■ Supplied information:
_____

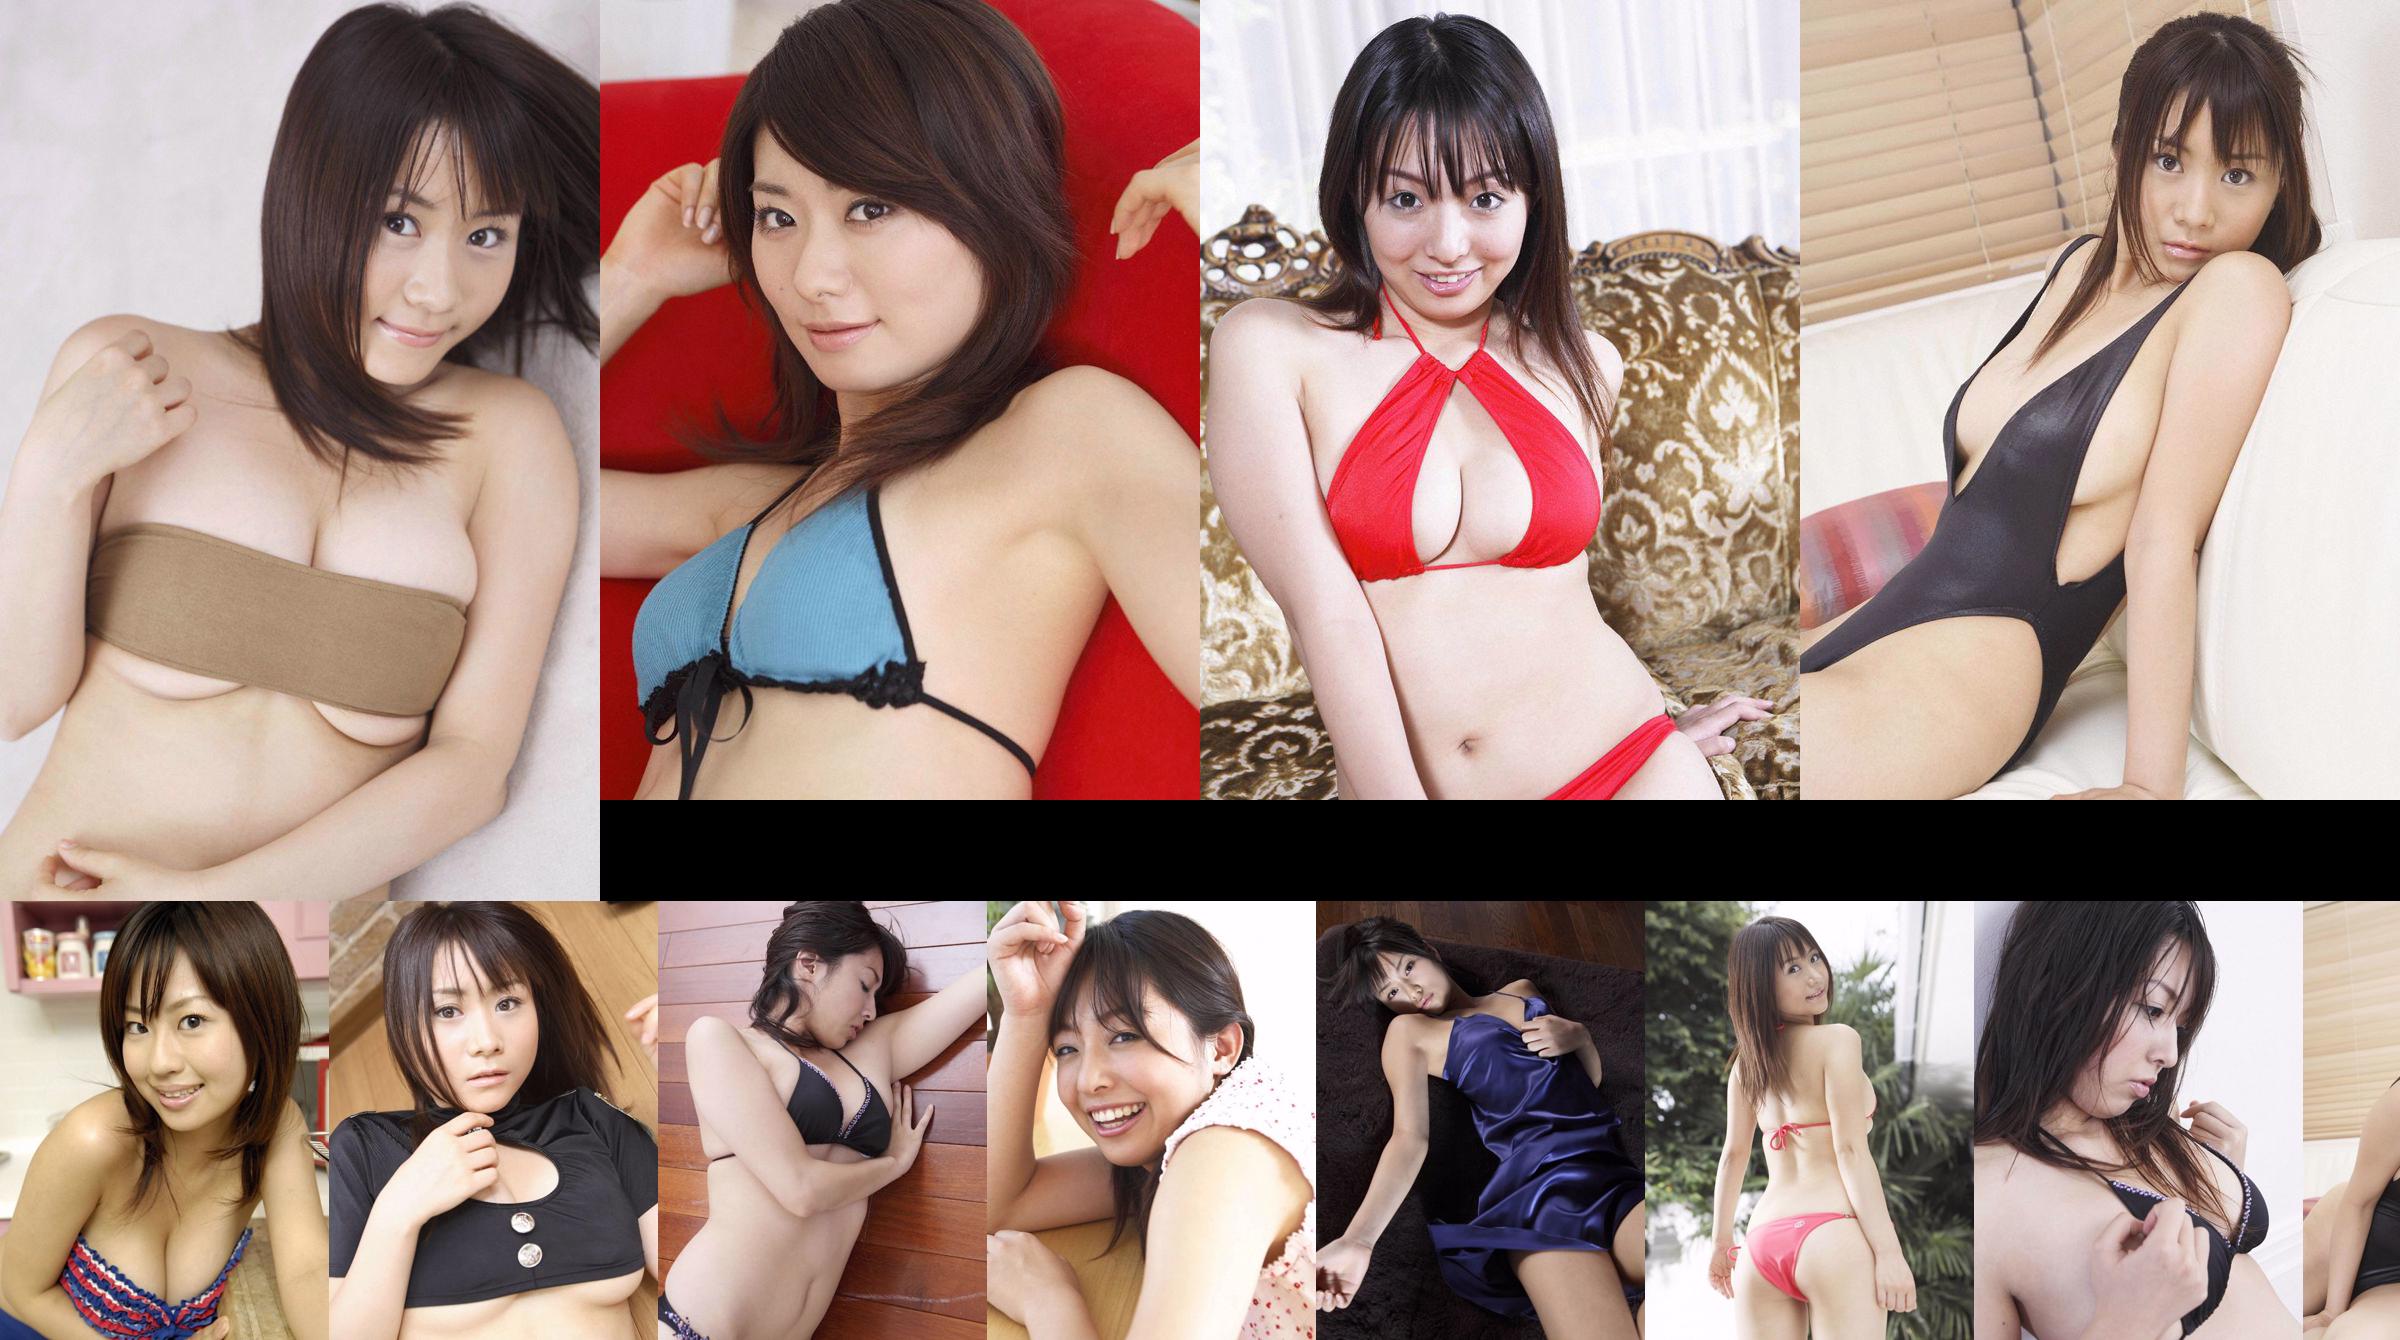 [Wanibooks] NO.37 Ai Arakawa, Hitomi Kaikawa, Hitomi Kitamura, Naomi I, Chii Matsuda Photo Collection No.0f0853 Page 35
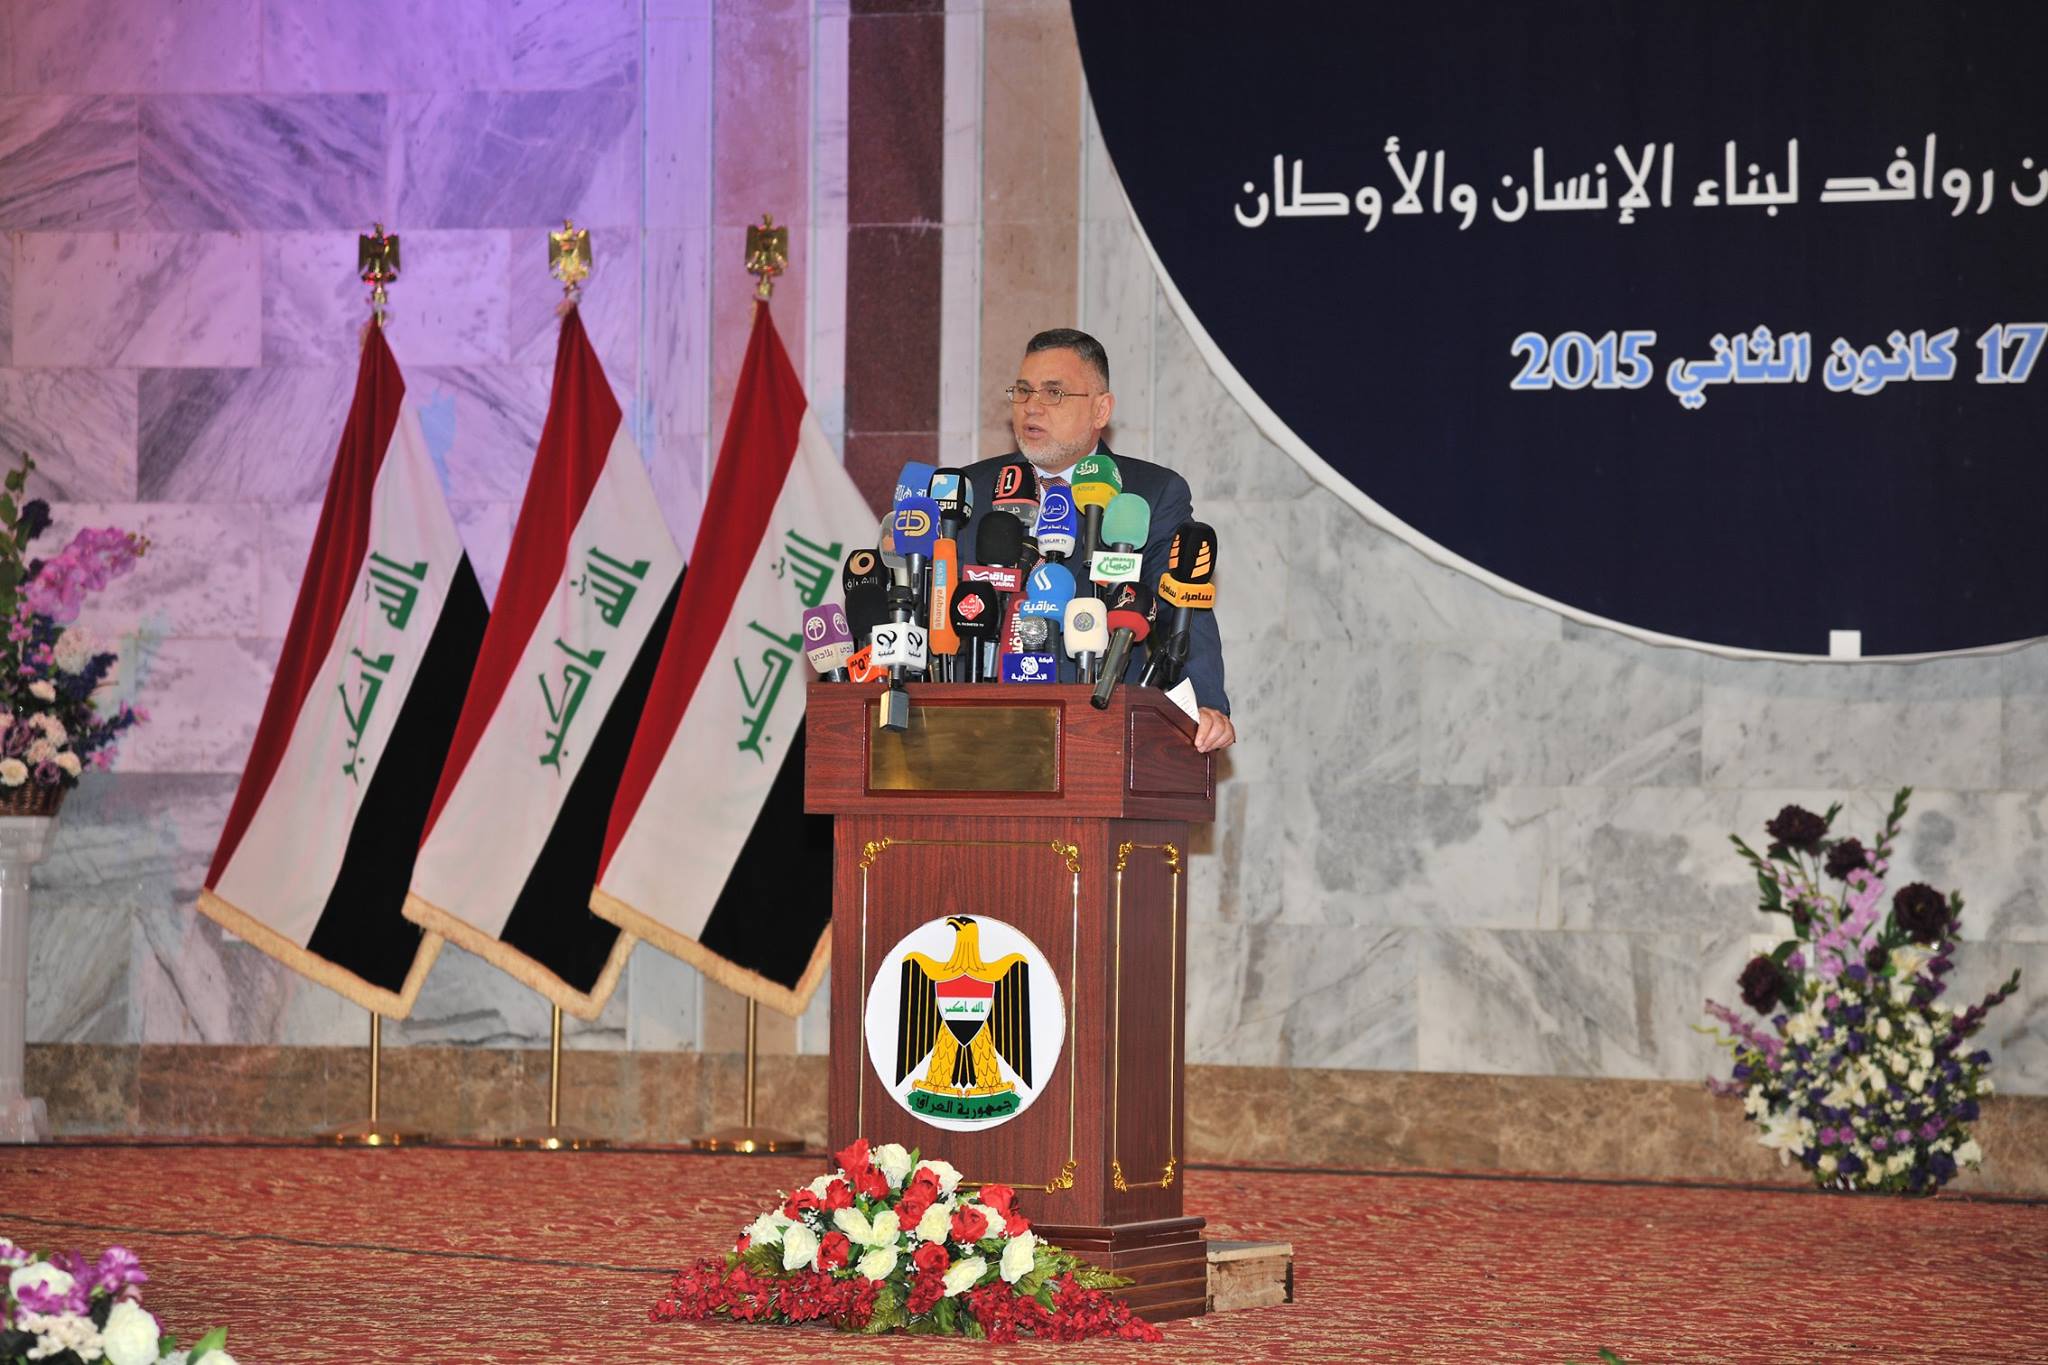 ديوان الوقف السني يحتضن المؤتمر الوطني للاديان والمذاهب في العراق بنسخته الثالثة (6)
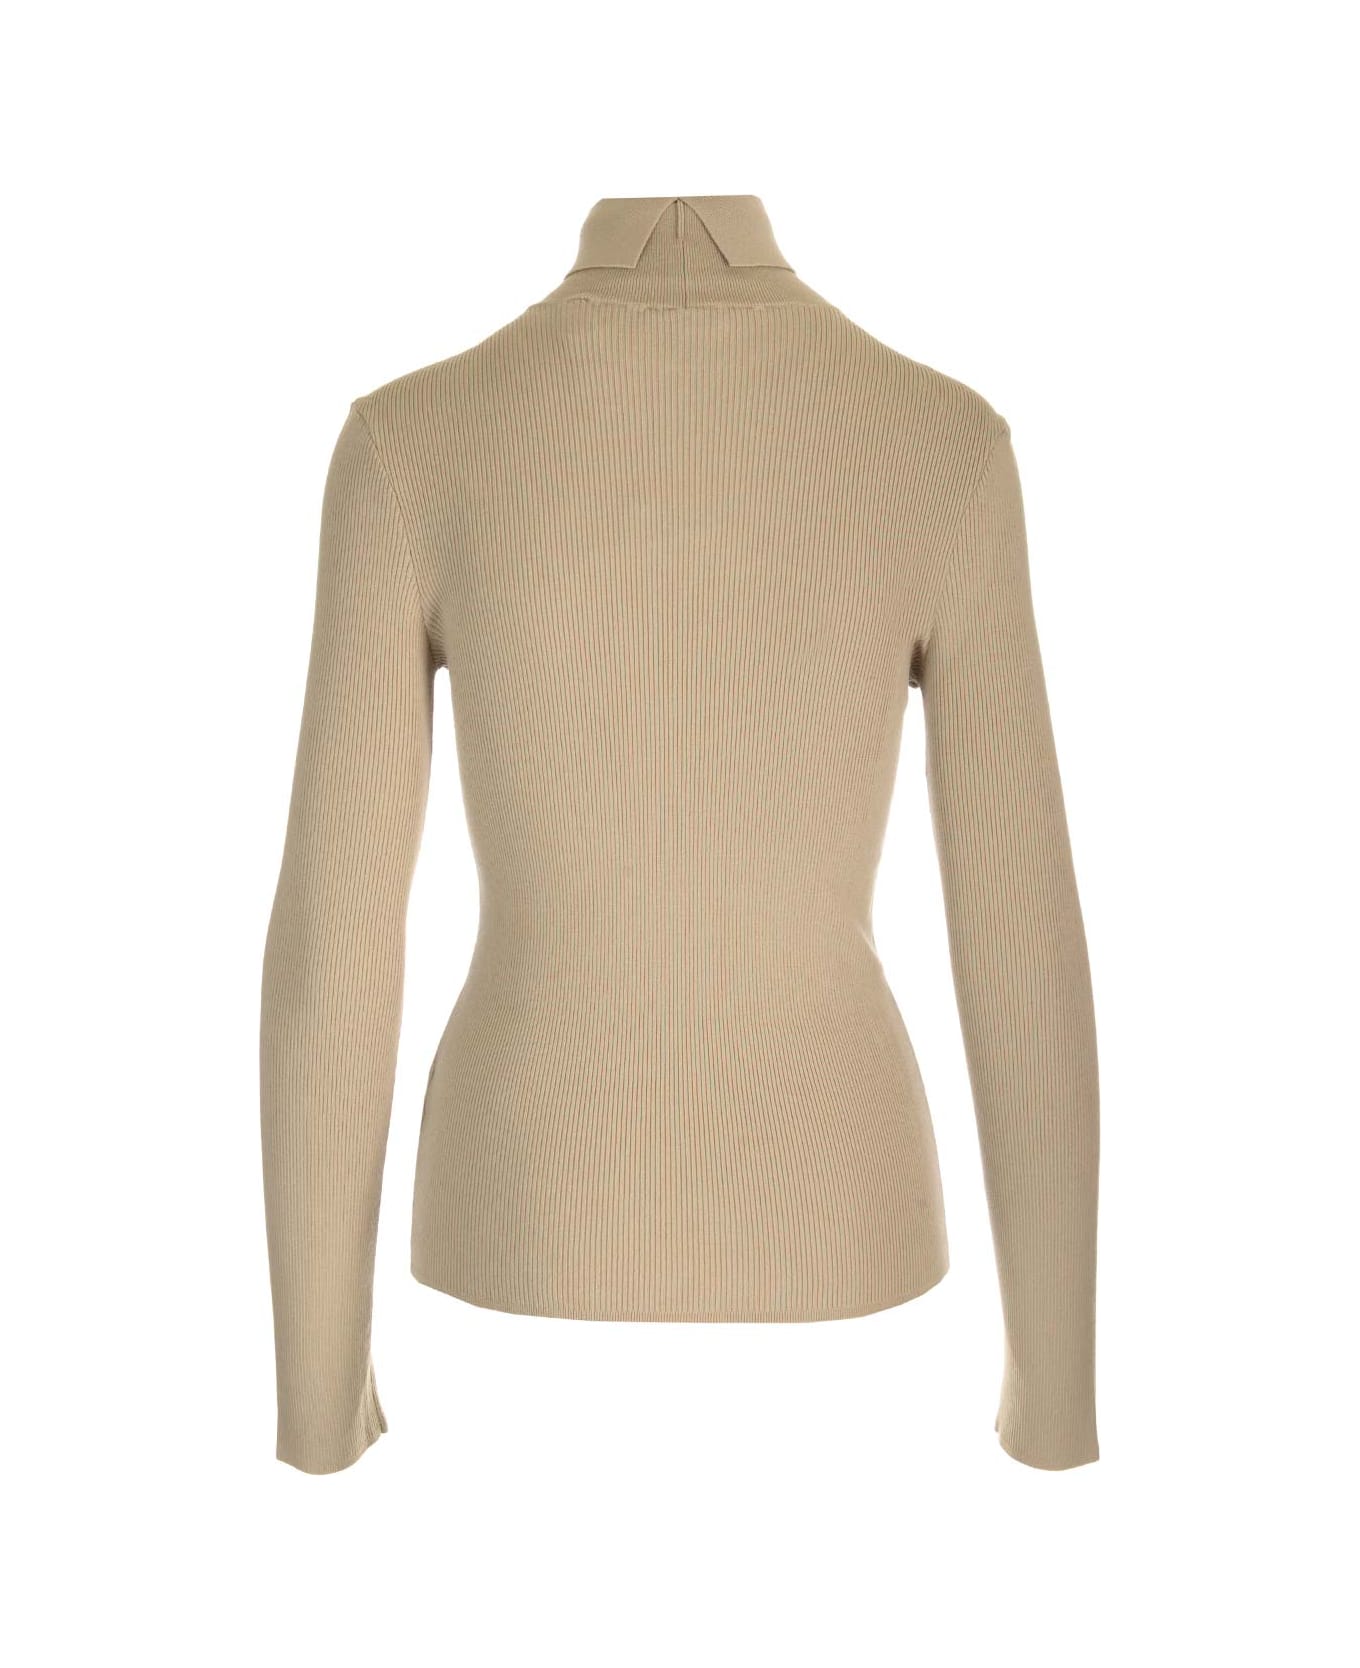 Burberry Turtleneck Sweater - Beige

_____

■ Problem to solve: Please copy the data above character for character, skipping any pictures.

■ Expected output:
 [Wanibooks] NO.37 Ai Arakawa, Hitomi Kaikawa, Hitomi Kitamura, Naomi I, Chii Matsuda Photo Collection No.0f0853 Page 35
 ديوان الوقف السني يحتضن المؤتمر الوطني للاديان والمذاهب في العراق بنسخته الثالثة (6)
 Burberry Turtleneck Sweater - Beige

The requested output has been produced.